Выбрать главу

Итак, Ранке следовал линии Гумбольдта, был приверженцем (осторожным) учения об исторических идеях; он верил в прогресс культуры, считая его содержанием истории, и придавал большое значение исторической психологии, что он и продемонстрировал в своей «Истории римских пап» (1834-1836). Однако, хотя очень часто цитируют фрагмент его высказывания, в котором он говорит, что «каждый народ непосредственно связан с Богом», он был «противником национальных исторических теорий » [Fueter. Р. 169].

Историцистский оптимизм достигает своего апогея в прусской школе, наиболее значительными фигурами которой были Иоганн Густав Дройзен (1808-1884), изложивший свои теории в «Очерках по истории» («Grundriss der Historik») (Leipzig, 1868), и Генрих фон Зибель (1817-1895).

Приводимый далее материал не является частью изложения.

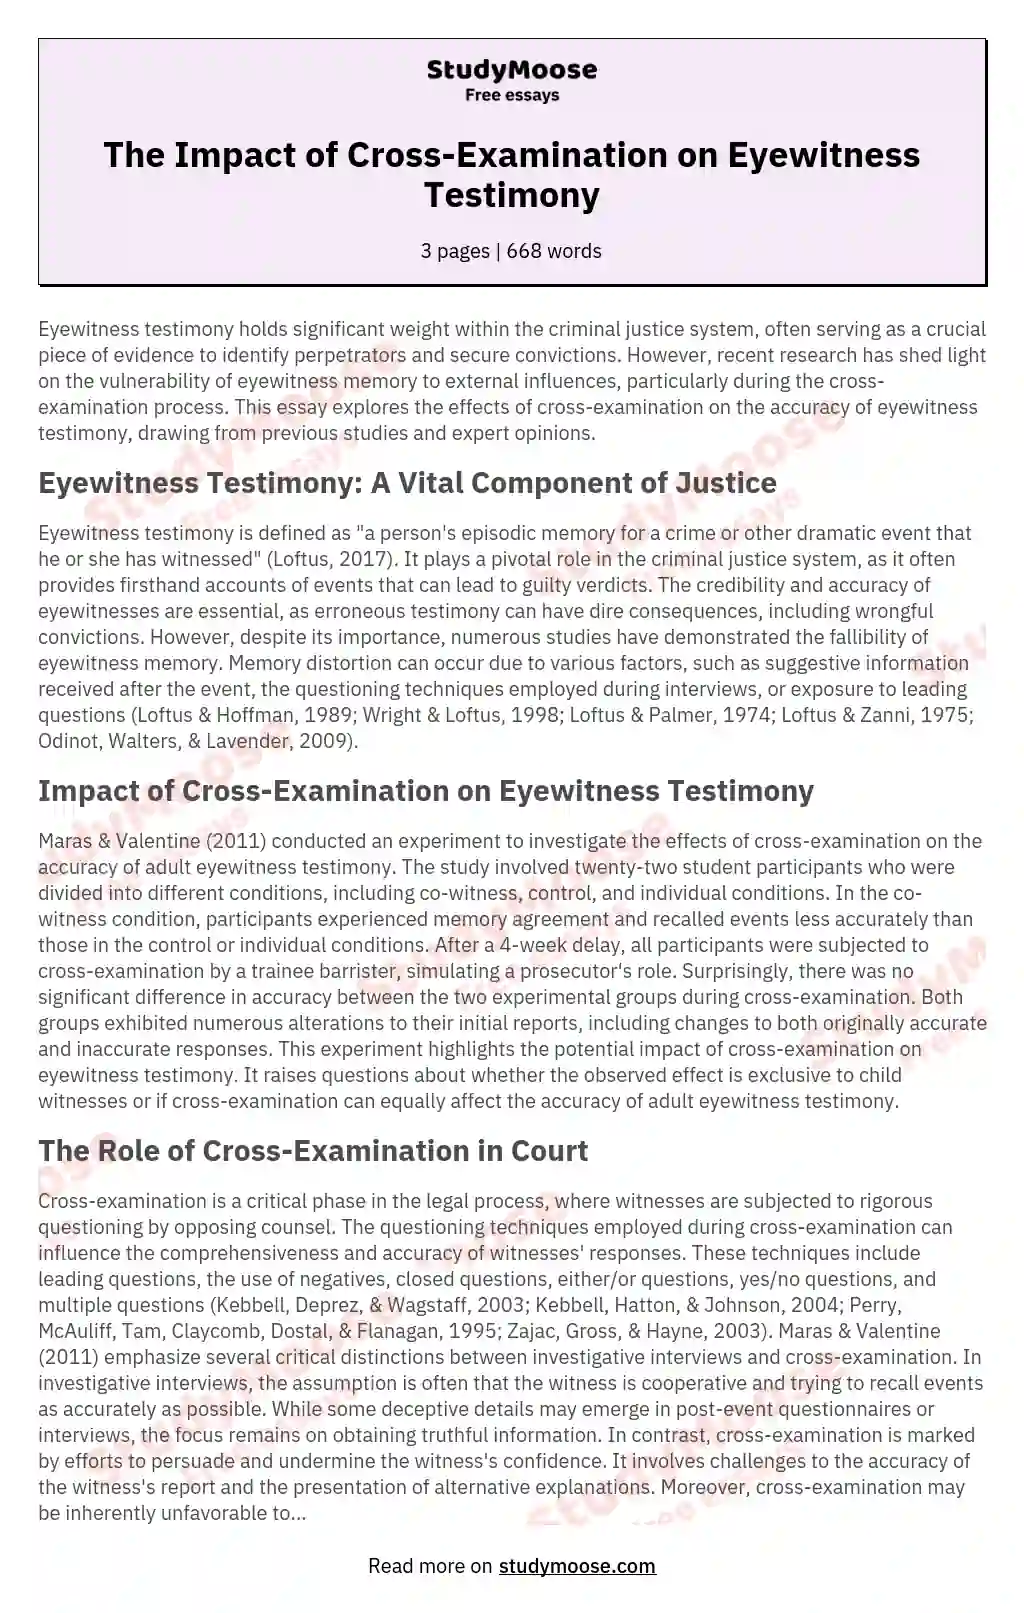 The Impact of Cross-Examination on Eyewitness Testimony essay
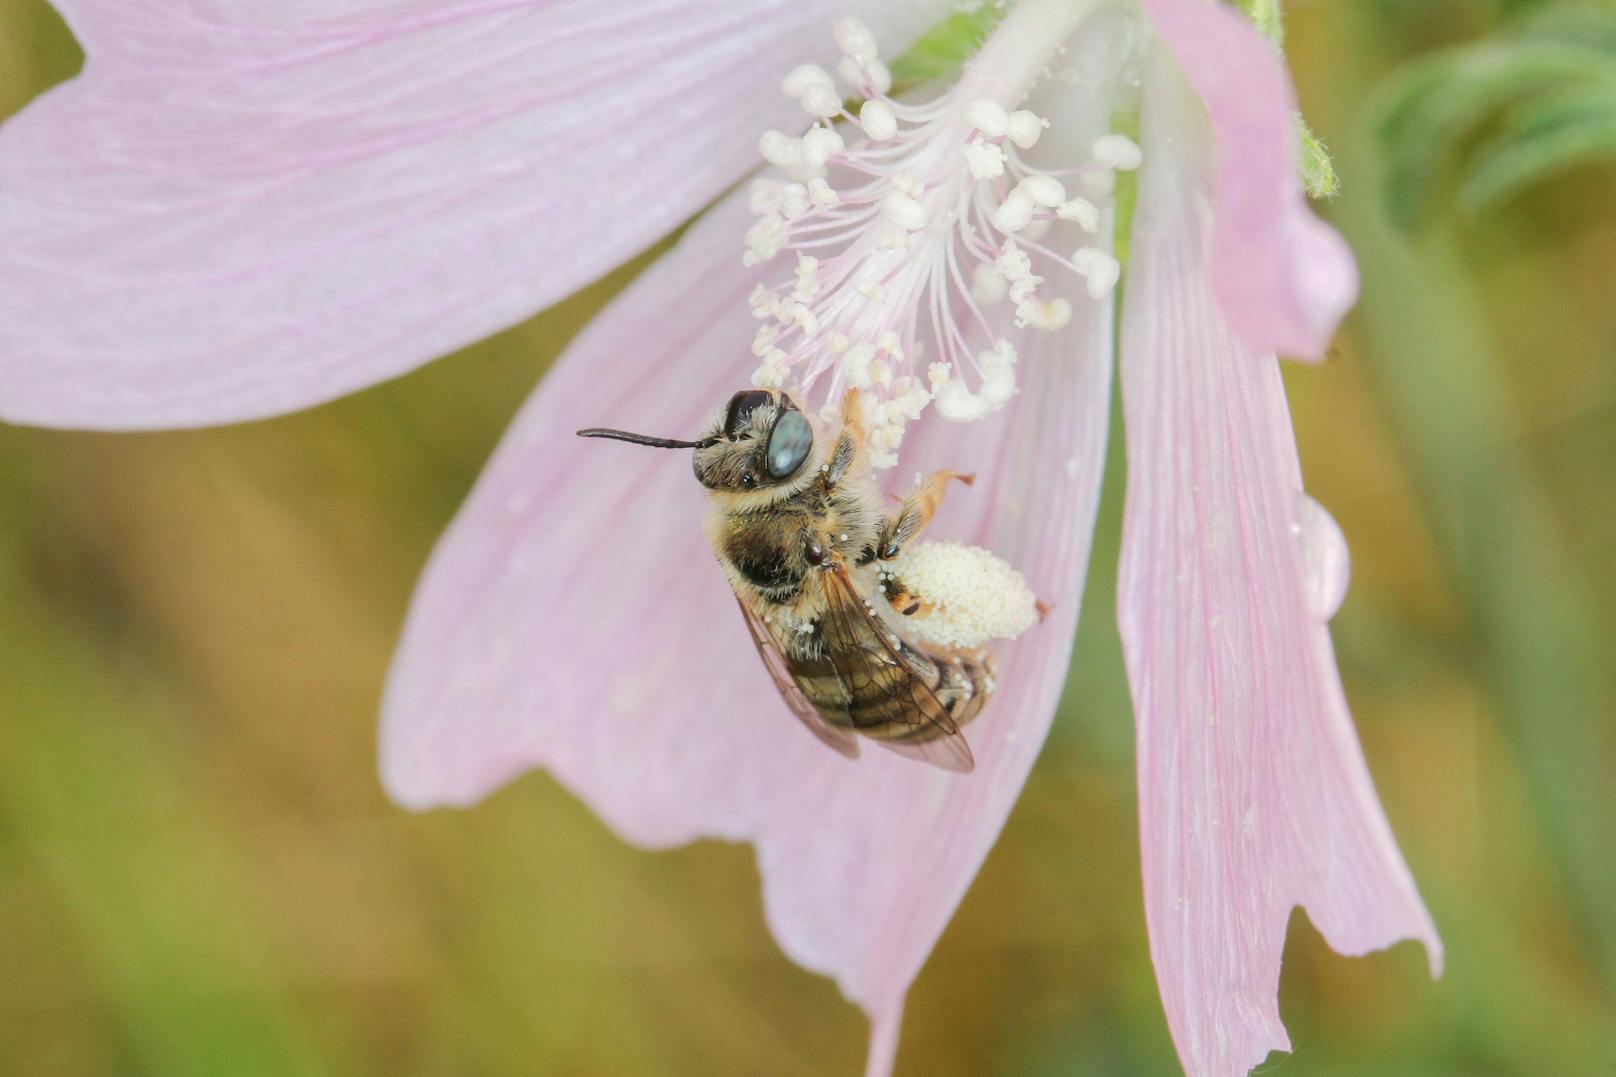 Starker Rückgang der Wildbienenvielfalt im Marchfeld

Дройзен полагает, что между моралью, с одной стороны, и историей или политикой - с другой, не существует конфликта. Если правительство опирается не только на силу в чистом виде, но и на этические принципы, то оно достигает высшей стадии этико-исторической реализации - государства. В XIX в. прусское государство стало показателем успешности того подхода, который в античности реализовал Александр (Македонский. - Ред.). В лоне государства больше нет места для конфликта между личной свободой и общественным благом. Зибель в еще большей степени указывал на особую миссию государства и настаивал на реальности всеобщего прогресса человечества. Он говорил о превосходстве разума государства, но считал, что в случае конфликта с правом сила должна его подавлять.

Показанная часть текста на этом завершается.